States of Matter
🟢 Lite — Quick Review (1h–1d)
Rapid summary for last-minute revision before your exam.
Matter is anything with mass and volume; MDCAT tests three classical states — solid, liquid, gas — distinguished by the balance between intermolecular forces and the kinetic energy of particles. Solids: fixed shape, fixed volume, incompressible, particles vibrate in fixed lattice positions. Liquids: fixed volume, variable shape, slightly compressible, particles slide past one another. Gases: neither fixed shape nor volume, highly compressible, particles move freely.
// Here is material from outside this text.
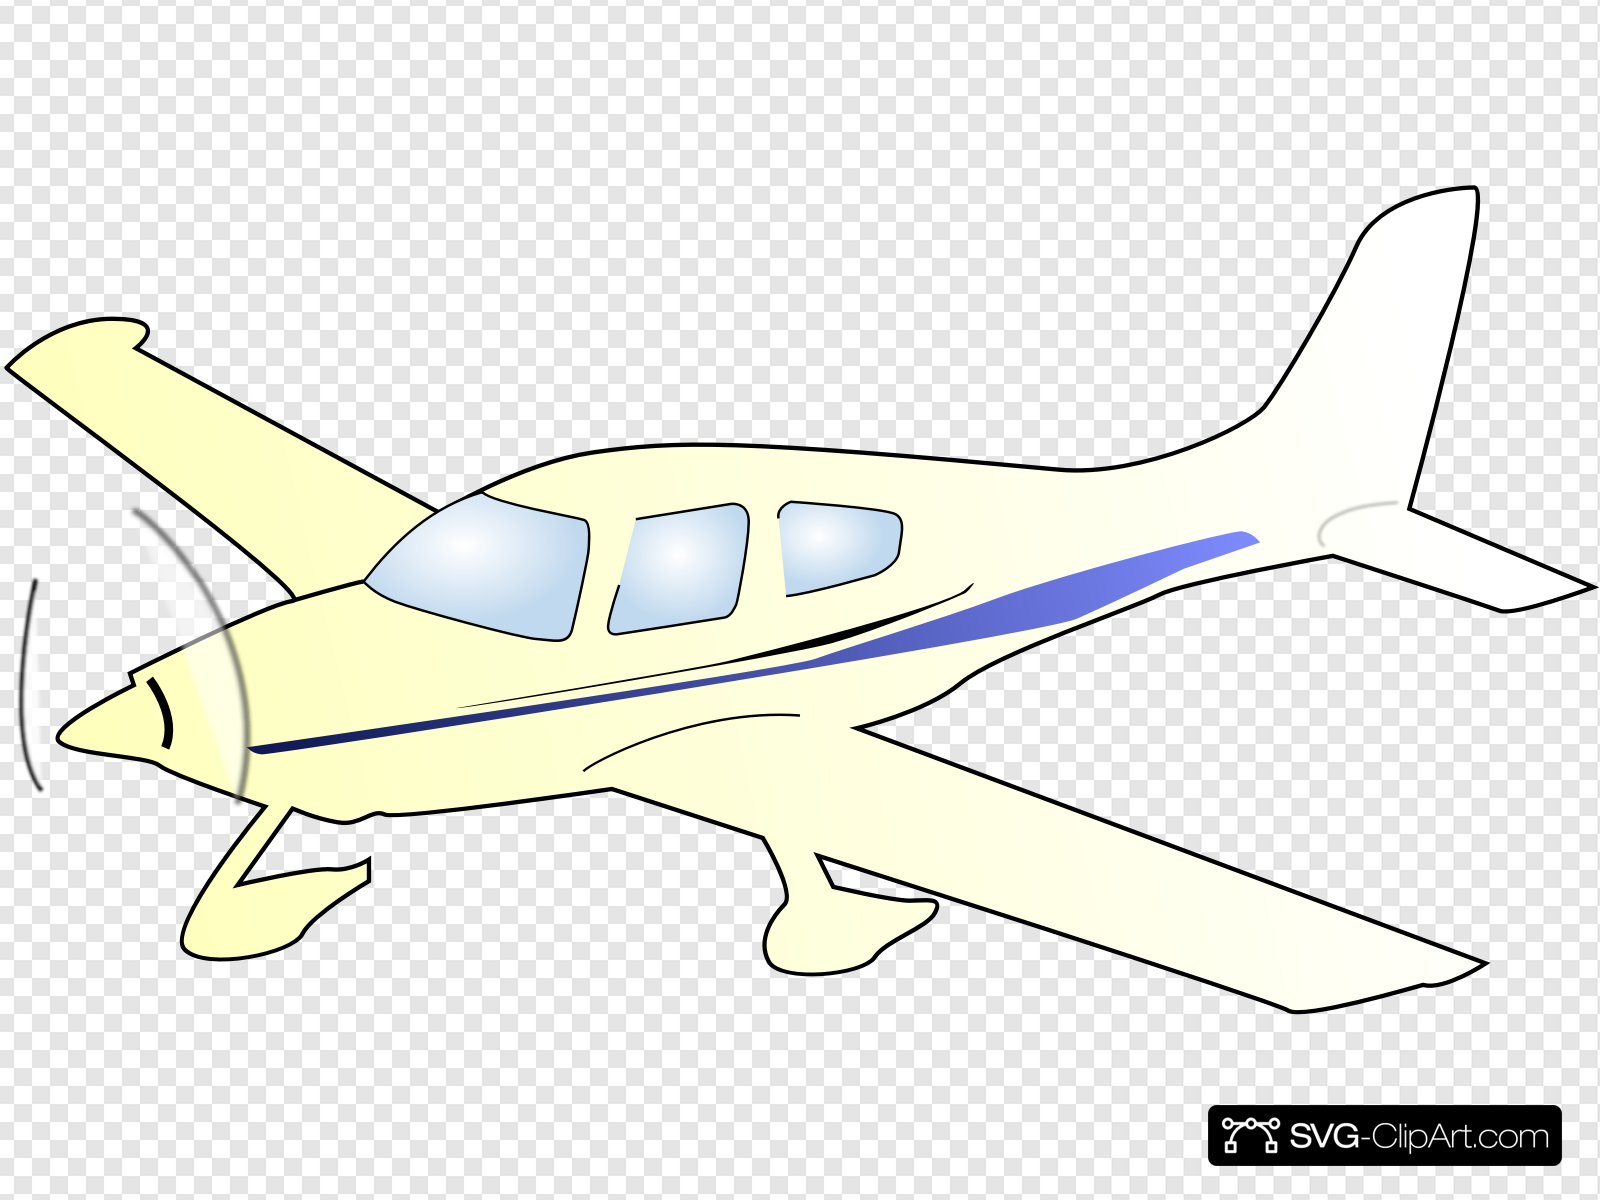 Cessna Plane Clip art, Icon and SVG.

The unifying equation is the ideal gas law: PV = nRT, where P is pressure (atm), V is volume (L), n is moles, T is temperature (K), and R = 0.0821 L·atm·K⁻¹·mol⁻¹. Always convert °C to Kelvin (K = °C + 273) before substituting. High-yield points: Boyle’s law (P₁V₁ = P₂V₂), Charles’s law (V₁/T₁ = V₂/T₂), Dalton’s law of partial pressures (P_T = ΣP_i), and Graham’s law (r₁/r₂ = √(M₂/M₁)).
🟡 Standard — Regular Study (2d–2mo)
Standard content for students with a few days to months.
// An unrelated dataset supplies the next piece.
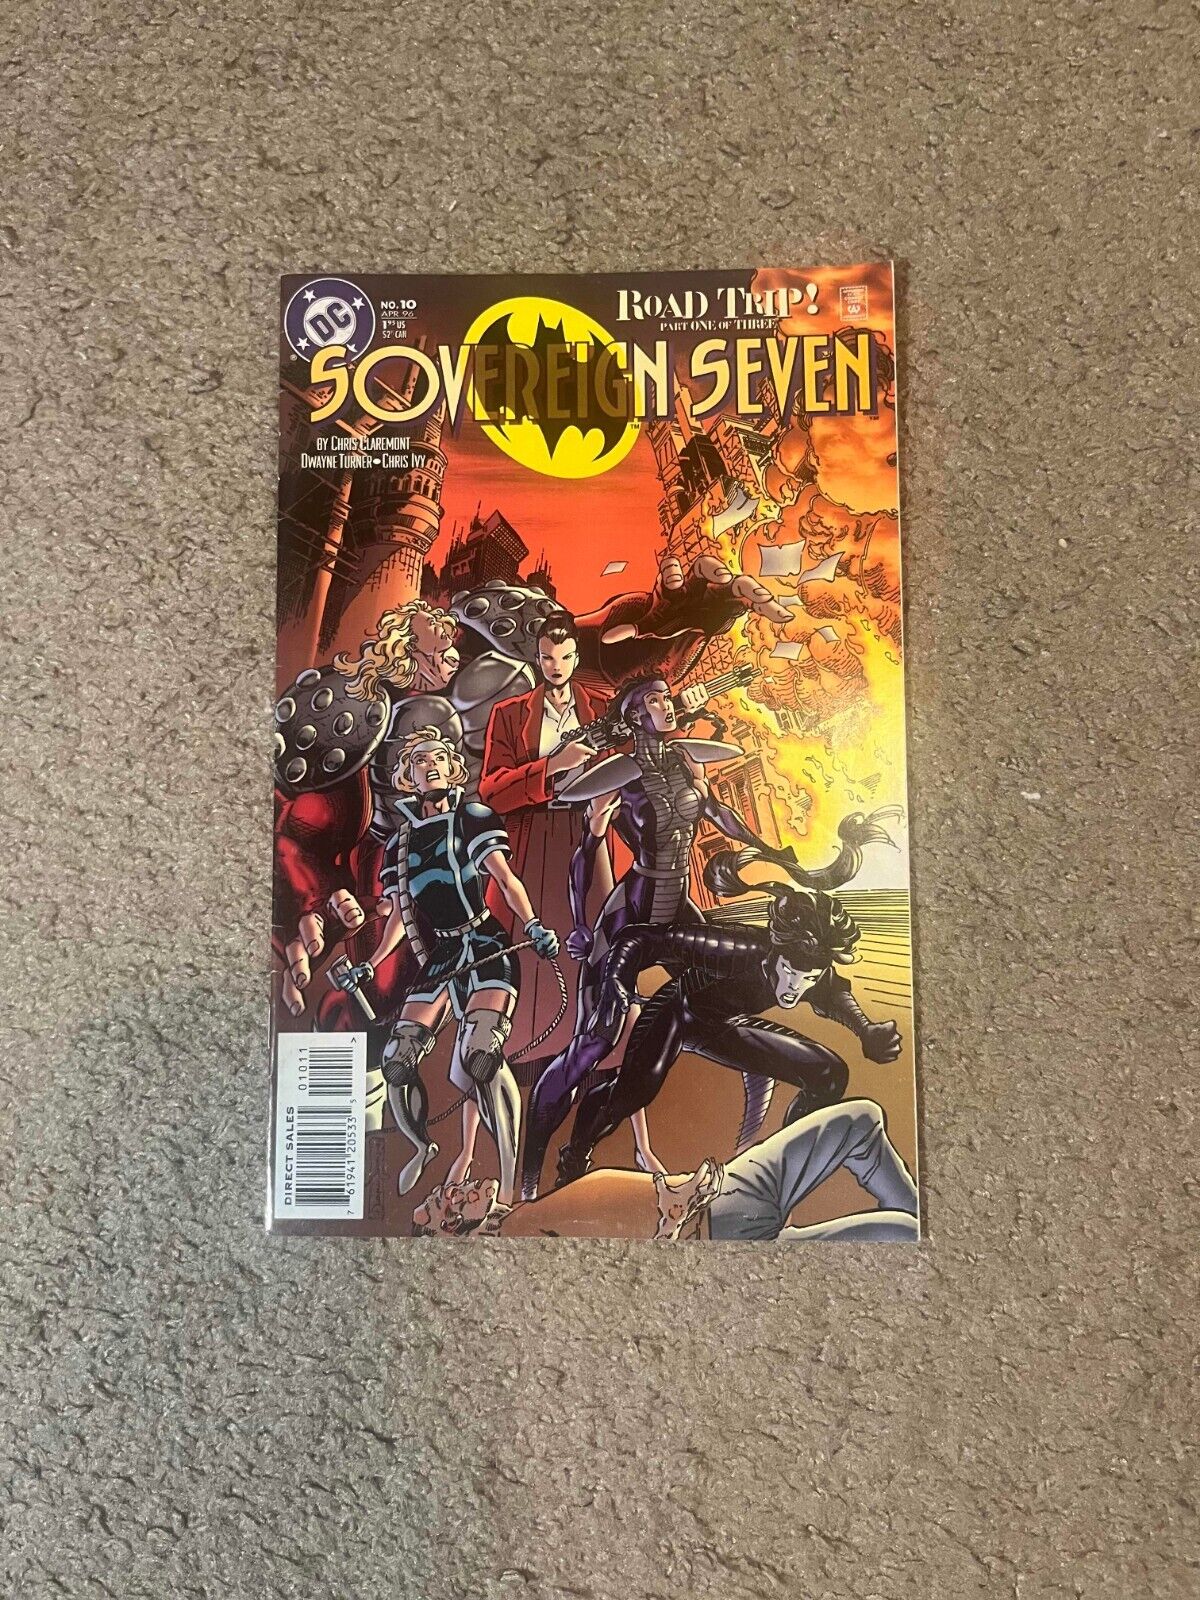 Sovereign Seven #10 (DC Comics April 1996)

Particle Model and Properties
In solids, strong intermolecular forces lock particles into a rigid lattice; they only vibrate, giving a fixed shape and volume. Liquids have weaker binding energy relative to thermal motion, so particles translate past each other — volume is fixed but shape follows the container. Gases have kinetic energy overwhelming intermolecular attractions, so particles occupy the entire container. This explains why gases are compressible (large empty space between particles) while solids and liquids are nearly incompressible, and why diffusion is fastest in gases, slowest in solids.
Gas Laws
Boyle’s Law (constant T): P₁V₁ = P₂V₂. Charles’s Law (constant P): V₁/T₁ = V₂/T₂. Gay-Lussac’s Law (constant V): P₁/T₁ = P₂/T₂. Avogadro’s Law (constant T, P): V ∝ n. Combined: PV/T = constant, leading directly to PV = nRT. A 2.5 L flask at 300 K containing 0.40 mol of O₂ gives P = nRT/V = (0.40)(0.0821)(300)/2.5 ≈ 3.94 atm.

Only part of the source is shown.